Copy exactly the lines from the start of the data below through the one that carries "Tamil girls selfie nude", and only those.

====

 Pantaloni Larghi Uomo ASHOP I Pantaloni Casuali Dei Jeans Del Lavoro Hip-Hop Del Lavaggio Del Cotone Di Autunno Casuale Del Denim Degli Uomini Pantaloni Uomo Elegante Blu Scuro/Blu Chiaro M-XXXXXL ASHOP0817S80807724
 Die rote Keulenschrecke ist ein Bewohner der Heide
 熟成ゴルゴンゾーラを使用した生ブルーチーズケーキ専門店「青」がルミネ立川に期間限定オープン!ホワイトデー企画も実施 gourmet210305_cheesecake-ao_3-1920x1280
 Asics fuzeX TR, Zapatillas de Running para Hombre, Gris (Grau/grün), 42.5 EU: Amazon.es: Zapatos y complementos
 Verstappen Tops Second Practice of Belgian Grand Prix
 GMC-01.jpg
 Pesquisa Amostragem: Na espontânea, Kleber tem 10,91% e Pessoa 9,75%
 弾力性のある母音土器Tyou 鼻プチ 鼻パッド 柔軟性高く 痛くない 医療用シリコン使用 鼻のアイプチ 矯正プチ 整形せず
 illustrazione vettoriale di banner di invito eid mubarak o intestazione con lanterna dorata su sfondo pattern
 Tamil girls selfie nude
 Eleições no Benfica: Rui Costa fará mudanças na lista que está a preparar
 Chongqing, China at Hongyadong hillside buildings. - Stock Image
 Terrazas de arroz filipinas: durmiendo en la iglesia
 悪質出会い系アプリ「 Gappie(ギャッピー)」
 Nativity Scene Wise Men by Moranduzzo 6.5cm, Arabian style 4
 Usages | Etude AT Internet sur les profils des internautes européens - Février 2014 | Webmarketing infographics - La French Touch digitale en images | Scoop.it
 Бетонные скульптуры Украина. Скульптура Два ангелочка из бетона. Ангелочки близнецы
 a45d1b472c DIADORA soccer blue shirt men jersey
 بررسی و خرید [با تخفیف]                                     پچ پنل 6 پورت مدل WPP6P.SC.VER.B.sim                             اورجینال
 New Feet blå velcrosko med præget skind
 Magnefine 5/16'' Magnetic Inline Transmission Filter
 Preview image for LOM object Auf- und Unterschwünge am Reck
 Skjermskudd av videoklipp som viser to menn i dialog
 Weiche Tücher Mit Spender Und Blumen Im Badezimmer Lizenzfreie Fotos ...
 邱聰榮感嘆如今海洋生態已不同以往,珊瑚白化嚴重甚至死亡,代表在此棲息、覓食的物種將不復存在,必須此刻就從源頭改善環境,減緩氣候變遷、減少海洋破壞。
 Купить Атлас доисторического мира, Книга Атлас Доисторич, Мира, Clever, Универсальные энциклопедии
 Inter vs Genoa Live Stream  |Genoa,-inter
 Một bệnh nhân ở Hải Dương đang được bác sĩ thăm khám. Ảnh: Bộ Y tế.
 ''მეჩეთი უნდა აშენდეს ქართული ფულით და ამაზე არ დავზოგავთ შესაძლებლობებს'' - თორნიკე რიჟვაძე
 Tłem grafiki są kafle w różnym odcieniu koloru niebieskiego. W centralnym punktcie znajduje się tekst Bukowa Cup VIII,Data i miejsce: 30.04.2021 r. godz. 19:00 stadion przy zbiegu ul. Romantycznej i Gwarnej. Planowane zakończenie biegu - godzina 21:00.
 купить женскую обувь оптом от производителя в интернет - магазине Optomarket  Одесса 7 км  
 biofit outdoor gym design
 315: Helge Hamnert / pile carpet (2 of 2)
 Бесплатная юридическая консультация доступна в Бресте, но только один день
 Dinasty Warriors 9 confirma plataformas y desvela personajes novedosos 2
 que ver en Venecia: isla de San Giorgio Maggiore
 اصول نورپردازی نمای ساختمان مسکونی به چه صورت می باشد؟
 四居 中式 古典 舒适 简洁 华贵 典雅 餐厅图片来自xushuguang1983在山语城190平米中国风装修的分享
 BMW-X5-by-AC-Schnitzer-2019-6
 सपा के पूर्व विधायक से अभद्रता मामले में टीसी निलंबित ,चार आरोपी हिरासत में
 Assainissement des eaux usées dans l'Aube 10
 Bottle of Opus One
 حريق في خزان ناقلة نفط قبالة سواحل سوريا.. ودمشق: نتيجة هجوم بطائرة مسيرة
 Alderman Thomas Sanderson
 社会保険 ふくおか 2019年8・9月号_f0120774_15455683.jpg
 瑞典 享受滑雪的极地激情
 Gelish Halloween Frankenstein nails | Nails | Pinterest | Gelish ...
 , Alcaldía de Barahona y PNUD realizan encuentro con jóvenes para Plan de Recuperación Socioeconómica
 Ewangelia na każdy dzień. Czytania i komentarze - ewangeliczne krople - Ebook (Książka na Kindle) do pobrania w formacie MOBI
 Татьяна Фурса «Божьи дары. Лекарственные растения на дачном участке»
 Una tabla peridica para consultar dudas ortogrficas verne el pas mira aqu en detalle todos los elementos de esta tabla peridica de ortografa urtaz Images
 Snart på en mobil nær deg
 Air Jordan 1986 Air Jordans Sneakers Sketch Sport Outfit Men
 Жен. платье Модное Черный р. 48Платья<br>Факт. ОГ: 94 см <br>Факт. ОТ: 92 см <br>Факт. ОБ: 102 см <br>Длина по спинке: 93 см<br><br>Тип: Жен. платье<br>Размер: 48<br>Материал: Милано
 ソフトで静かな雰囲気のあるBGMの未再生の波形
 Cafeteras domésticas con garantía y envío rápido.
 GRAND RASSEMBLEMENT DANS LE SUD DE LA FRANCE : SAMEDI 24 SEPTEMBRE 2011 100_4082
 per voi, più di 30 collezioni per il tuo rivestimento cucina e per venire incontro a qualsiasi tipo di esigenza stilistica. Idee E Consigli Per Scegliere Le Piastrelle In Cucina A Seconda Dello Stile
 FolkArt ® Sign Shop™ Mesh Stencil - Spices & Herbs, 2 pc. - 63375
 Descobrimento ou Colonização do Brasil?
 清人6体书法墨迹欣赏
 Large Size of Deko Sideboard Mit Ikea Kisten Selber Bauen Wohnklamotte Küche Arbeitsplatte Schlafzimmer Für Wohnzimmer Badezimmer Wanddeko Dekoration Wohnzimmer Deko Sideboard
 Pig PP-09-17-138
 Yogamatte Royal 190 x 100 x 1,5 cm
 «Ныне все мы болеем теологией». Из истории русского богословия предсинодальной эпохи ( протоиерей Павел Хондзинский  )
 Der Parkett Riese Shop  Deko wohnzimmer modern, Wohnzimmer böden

====

Response ::
 Pantaloni Larghi Uomo ASHOP I Pantaloni Casuali Dei Jeans Del Lavoro Hip-Hop Del Lavaggio Del Cotone Di Autunno Casuale Del Denim Degli Uomini Pantaloni Uomo Elegante Blu Scuro/Blu Chiaro M-XXXXXL ASHOP0817S80807724
 Die rote Keulenschrecke ist ein Bewohner der Heide
 熟成ゴルゴンゾーラを使用した生ブルーチーズケーキ専門店「青」がルミネ立川に期間限定オープン!ホワイトデー企画も実施 gourmet210305_cheesecake-ao_3-1920x1280
 Asics fuzeX TR, Zapatillas de Running para Hombre, Gris (Grau/grün), 42.5 EU: Amazon.es: Zapatos y complementos
 Verstappen Tops Second Practice of Belgian Grand Prix
 GMC-01.jpg
 Pesquisa Amostragem: Na espontânea, Kleber tem 10,91% e Pessoa 9,75%
 弾力性のある母音土器Tyou 鼻プチ 鼻パッド 柔軟性高く 痛くない 医療用シリコン使用 鼻のアイプチ 矯正プチ 整形せず
 illustrazione vettoriale di banner di invito eid mubarak o intestazione con lanterna dorata su sfondo pattern
 Tamil girls selfie nude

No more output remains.